WHAT IS NEEDED:
At the line containing "DORO Téléphone portable 6040 - Noir", begin an exact copy, and continue through the last line of the entries below. Leave out any pictures.
------------------------
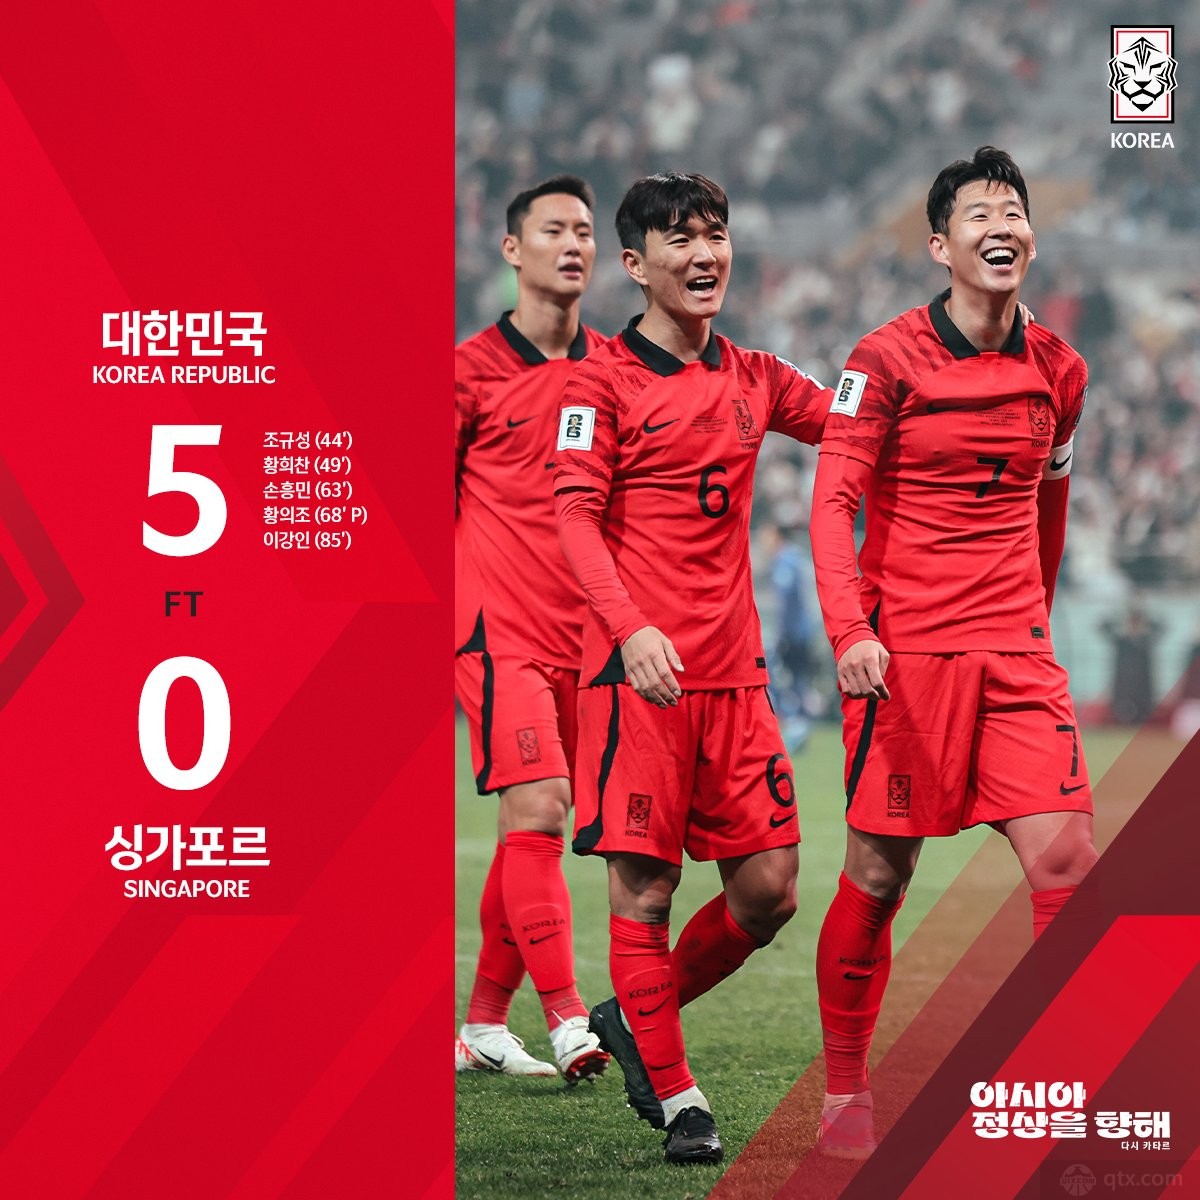 韓國男足5-0大勝新加坡
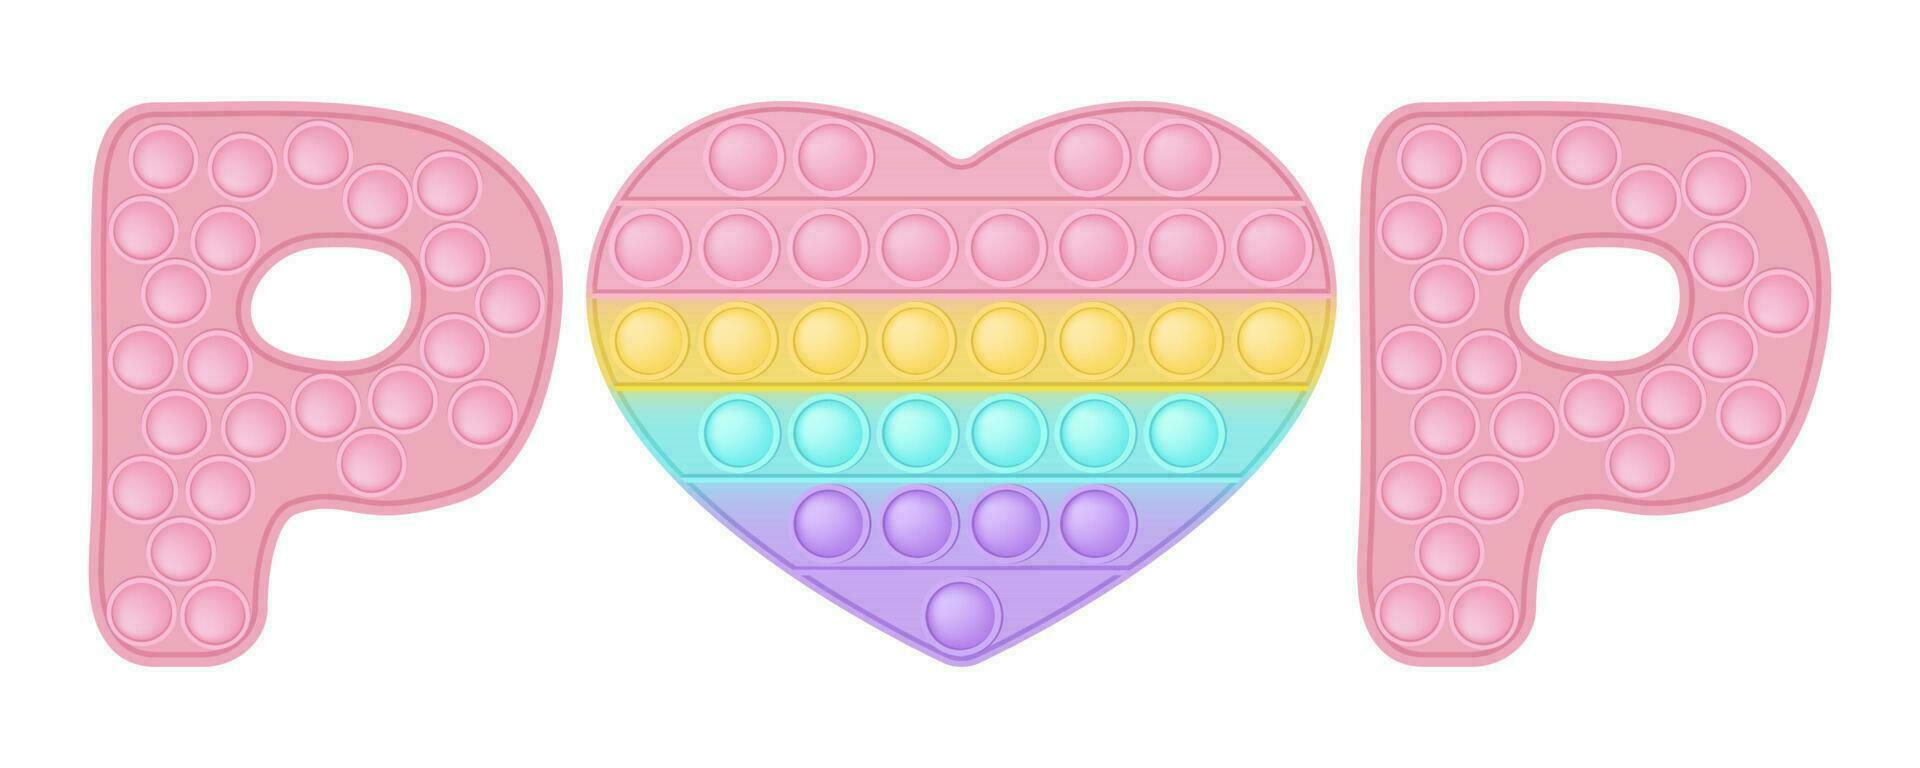 estalando brinquedo amor placa com coração ícone símbolo do dia dos namorados dia. a figura do coração é Rosa dentro cor. vetor bandeira em branco.
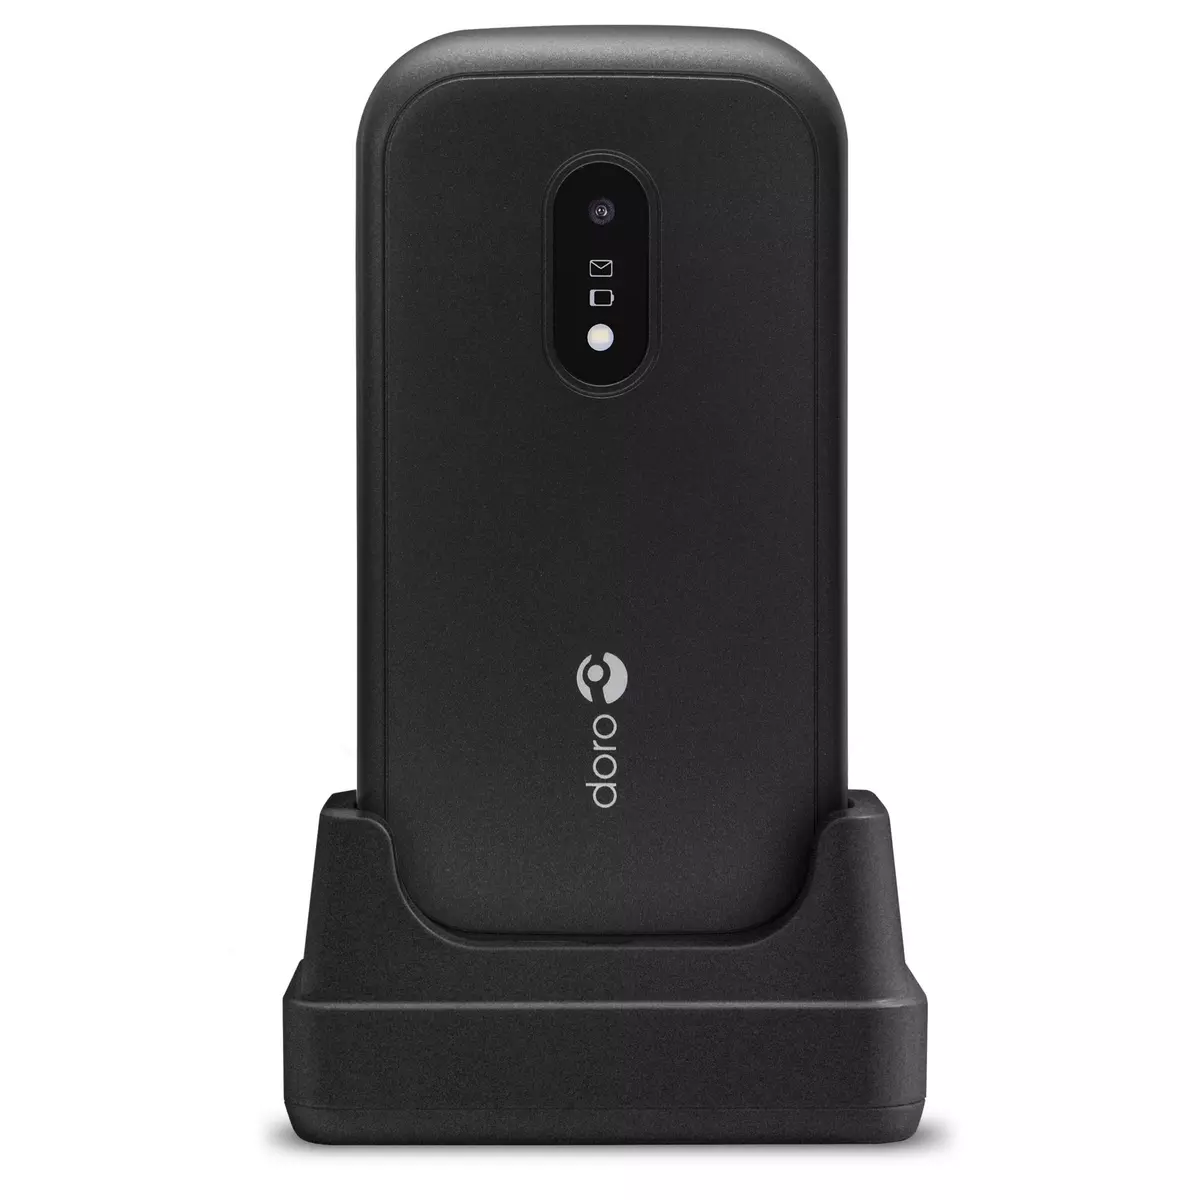 DORO Téléphone portable 6040 - Noir
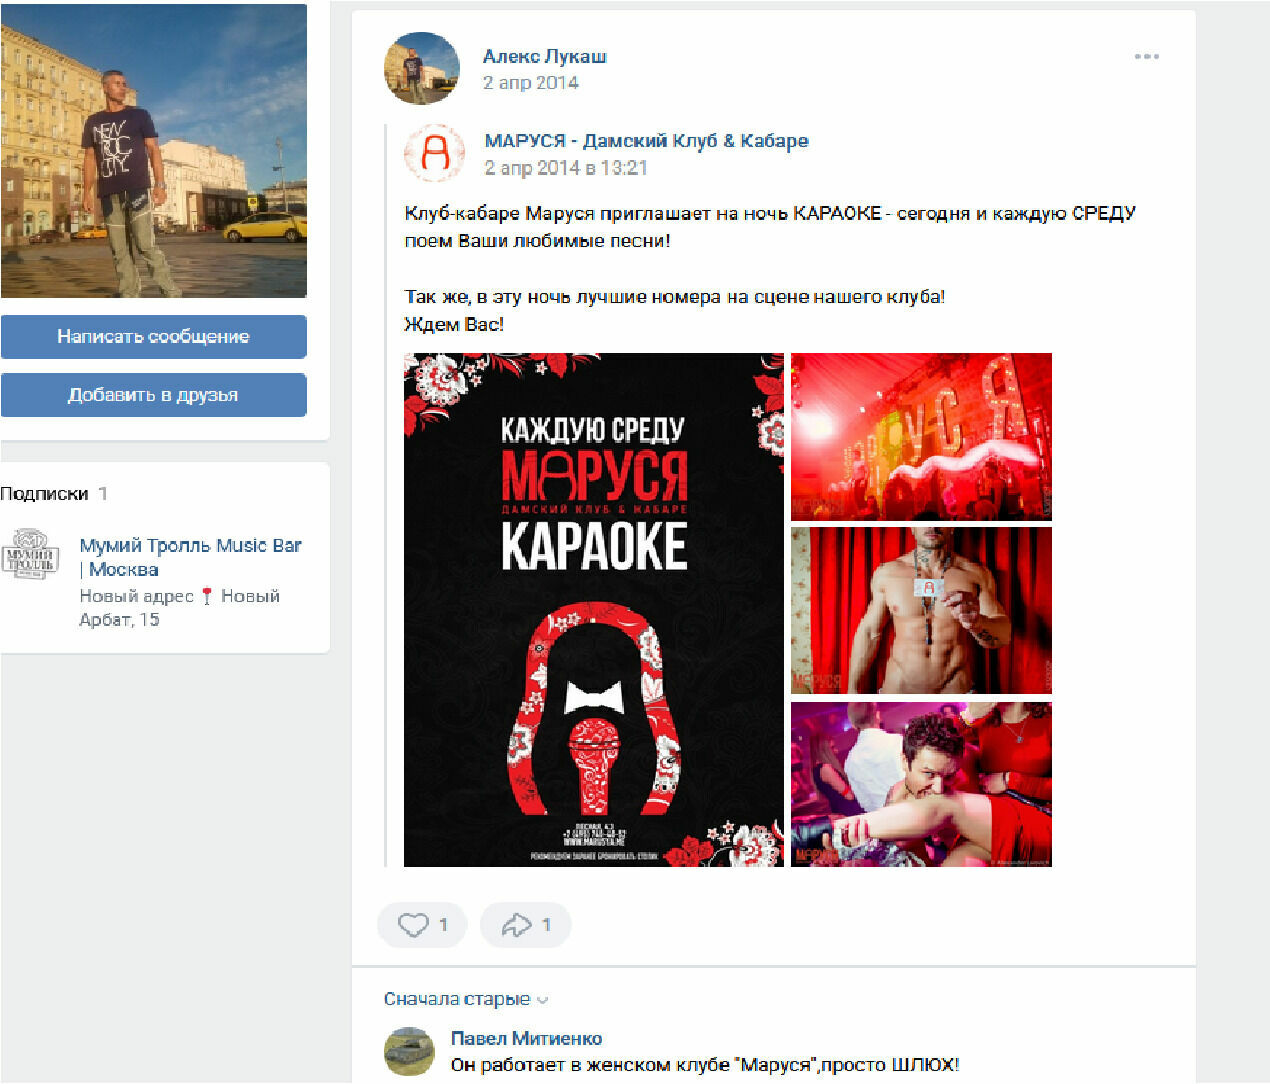 Клуб "Маруся" не существует уже несколько лет, странички в ВК Алекса Лукаша и клуба заброшены, но комментарии "благодарных" людей появляются по сей день.
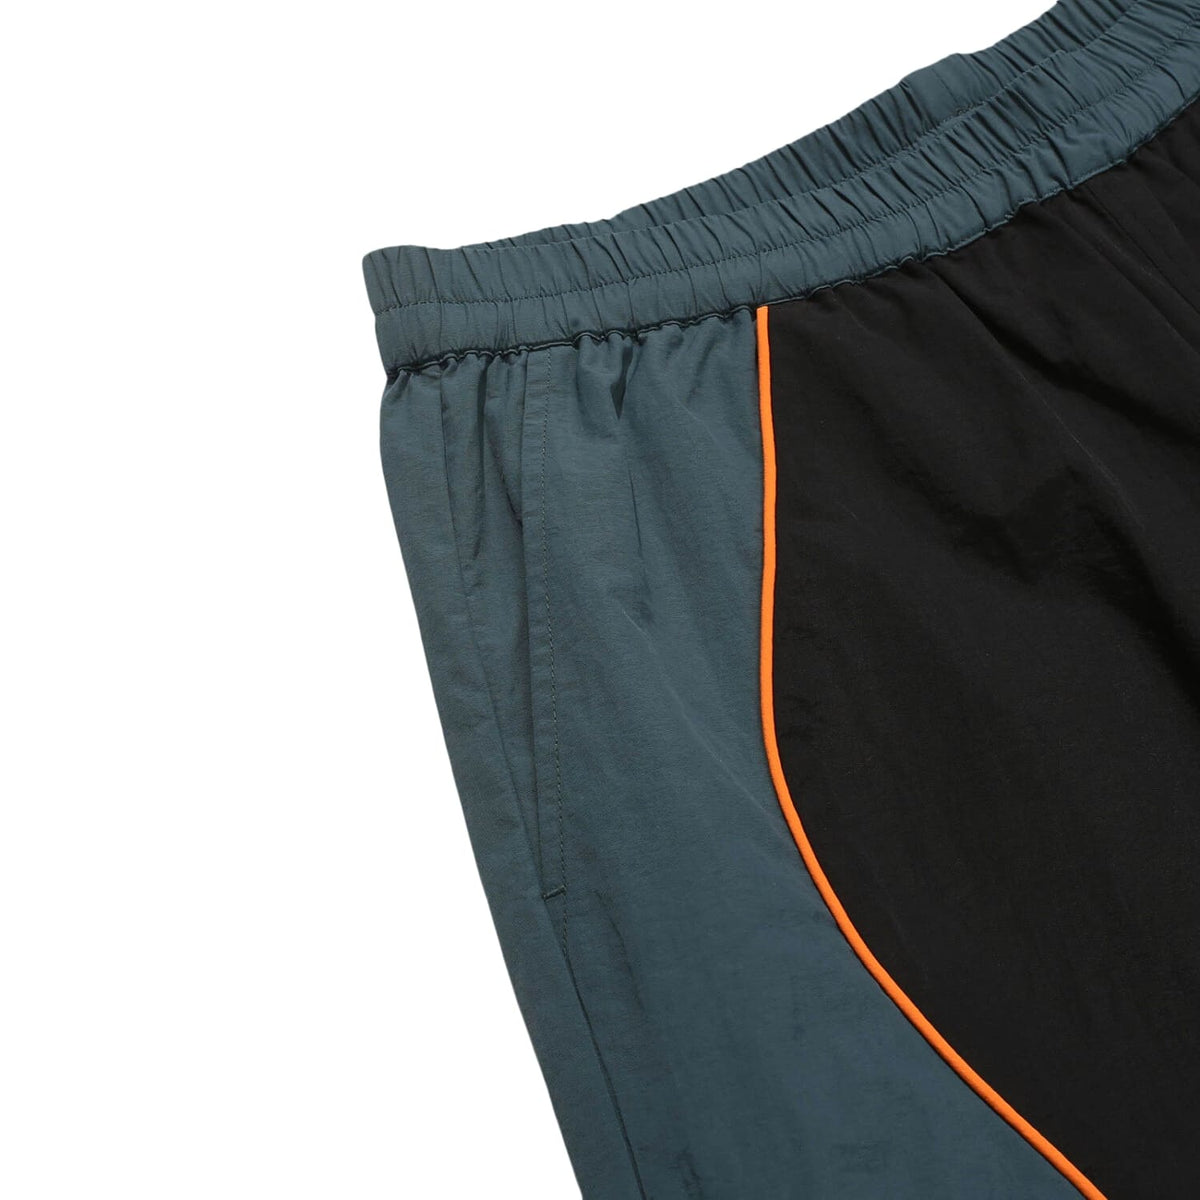 Helas Lime Sport Shorts - Black - Mens Gym Shorts by Helas
------------------------
WRITTEN SOLUTION:
 DORO Téléphone portable 6040 - Noir
 Клуб "Маруся" не существует уже несколько лет, странички в ВК Алекса Лукаша и клуба заброшены, но комментарии "благодарных" людей появляются по сей день.
 Helas Lime Sport Shorts - Black - Mens Gym Shorts by Helas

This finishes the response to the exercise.